24 Sep

Scotland v All Blacks, Edinburgh, 24 September 2007
by Tracey Nelson
24 Sep 2007

OK, so who was the halfwit from the RWC organising committee who gave the go-ahead for all the team jerseys and alternate strips for this tournament? Is he blind, or just did it in the dark? The moment the two teams ran onto the field for this third pool game the entire crowd at Murrayfield all started gaping in disbelief at the close resemblence of the two strips.

The All Blacks, having lost the coin toss that decided who had to wear their alternate strip (given that our normal jersey is black and Scotland’s is navy blue) were decked out in the silver/grey panelled shirts with black shorts and sock. But Scotland ran out in grey and navy panelled jerseys, with the white cross of St Andrew across their chests, navy shorts and navy socks on. Essentially both teams were wearing grey jerseys. Which begs the questions, why didn’t we just wear our normal black jerseys because it would have made life a hell of a lot easier not just for the spectators but I’ve no doubt the players themselves.

Given the Scots weren’t playing their strongest XV for this match, having rested 13 of their top line up, there was huge expectation that something resembling a cricket score would be mounted by the All Blacks. But despite denying Scotland any points during the 80 minutes, the All Blacks failed to produce the consumate drubbing many of their supporters were hoping for. Indeed, many fans walked away from the stadium feeling somewhat deflated if conversations in bars afterwards were anything to go by.

Kudos to Scotland, they defended ferociously for most of the game, although quite how thier fullback Hugo Southwell managed to keep getting up from some of the bone-crunchihg collisions he was involved in (particularly when Tony Woodcock went head on into his ribs for a try disallowed due to a prior forward pass) is nothing short of miraculous.

The All Blacks started well enough with a very slickly performed set-piece move from a 5m attacking scrum putting McCaw over for a try after 5 minutes. Shortly after that Doug Howlett crossed over in the corner to take his place as New Zealand’s greatest ever try scorer, just reward for one of our best finishers. However, the persistence and tenacity of the Scottish defence meant the remainder of the game was punctuated by numerous handling errors by the All Blacks, including a large tally of foward passes that continued to mount throughout. There were also some lineout wobbles, although it must be conceded that the Scots do have a very good lineout. Which is more than can be said for their scrum, which struggled throughout the game until South African referee, Marius Jonkers, lost patience with Scotland and started dishing out penalties as a result of their inability to maintain the binds in the front row.

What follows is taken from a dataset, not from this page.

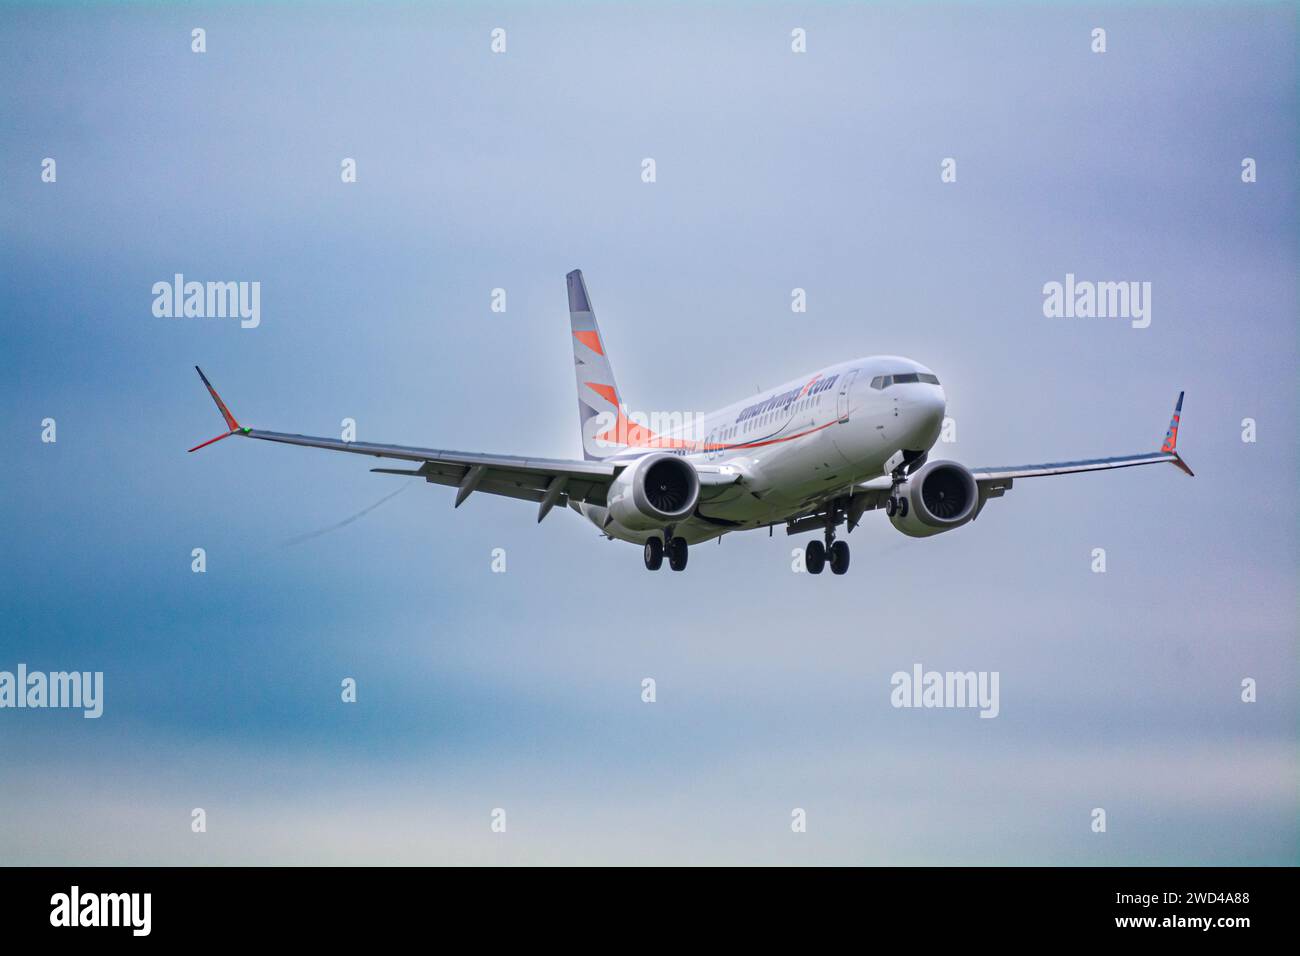 Boeing 737 Max 8 Commercial airline (OK -SWA) operated by smart wings, landing in strong winds and turbulence in Europe. Stock Photo
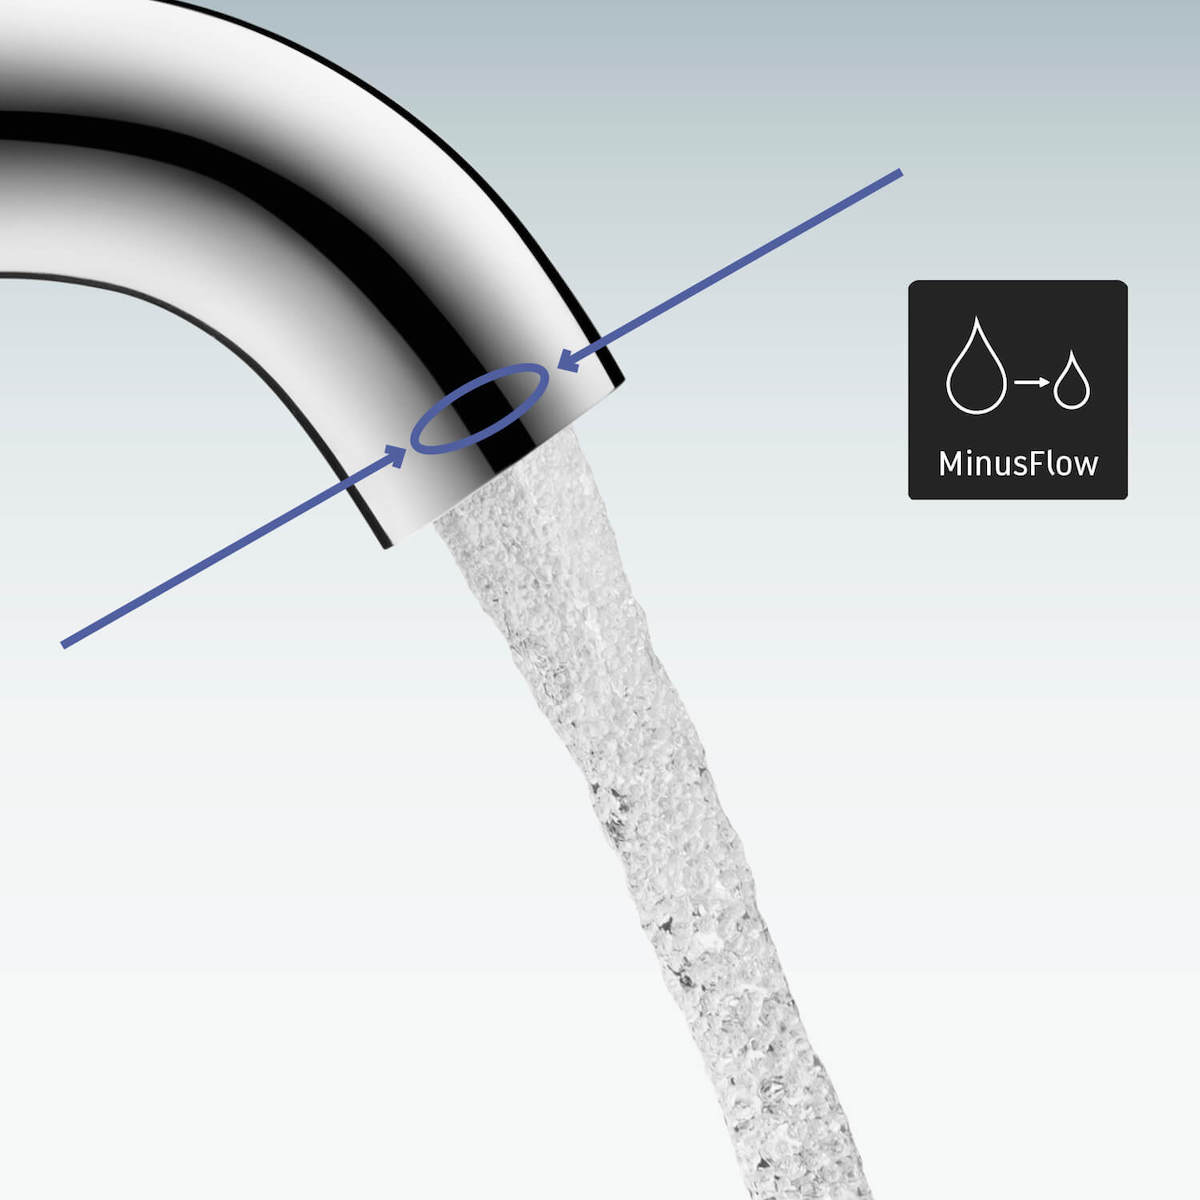 Image caption: The Duravit AG faucets with MinusFlow function allow for a particularly efficient use of the ever scarcer resource of water, reducing water consumption when washing hands by up to 40 percent, rising to as much as 60 percent on the showerheads, while ensuring an almost equivalent experience. | Image source: Duravit AG

The most notable thing about this game, in contrast to the two previous pool games, was the apparent failure of the All Blacks to be able to put the man into the gap and let the passes go. Initially there was a degree of frustration about this, but as the game wore on it became apparent that like the spectators the players were having problems sighting their team mates when the two backlines met. While this could be taken as a negative, there were some positive outcomes too – the All Blacks have conceded quite a few intercept passes in the last two games, one of which led to a try, but in this game they did not offer up the same chances to Scotland and overall against a fast defensive line, there were very few 50/50 passes thrown.

Defensively the All Blacks would have to feel pretty pleased about their efforts, particularly during the first half when Scotland mounted one very strong attack that was eventually repelled. They did enough on attack to win the game by 40 points without having to show too much of their hand heading into the quarter finals. The only real cloud was a calf injury early on in the game to fullback Leon MacDonald that eventually saw him leave the field to be replaced by Nick Evans. That, and an uncharacteristically bad day at the office for Dan Carter with the boot missing no less than 5 place kicks at goal.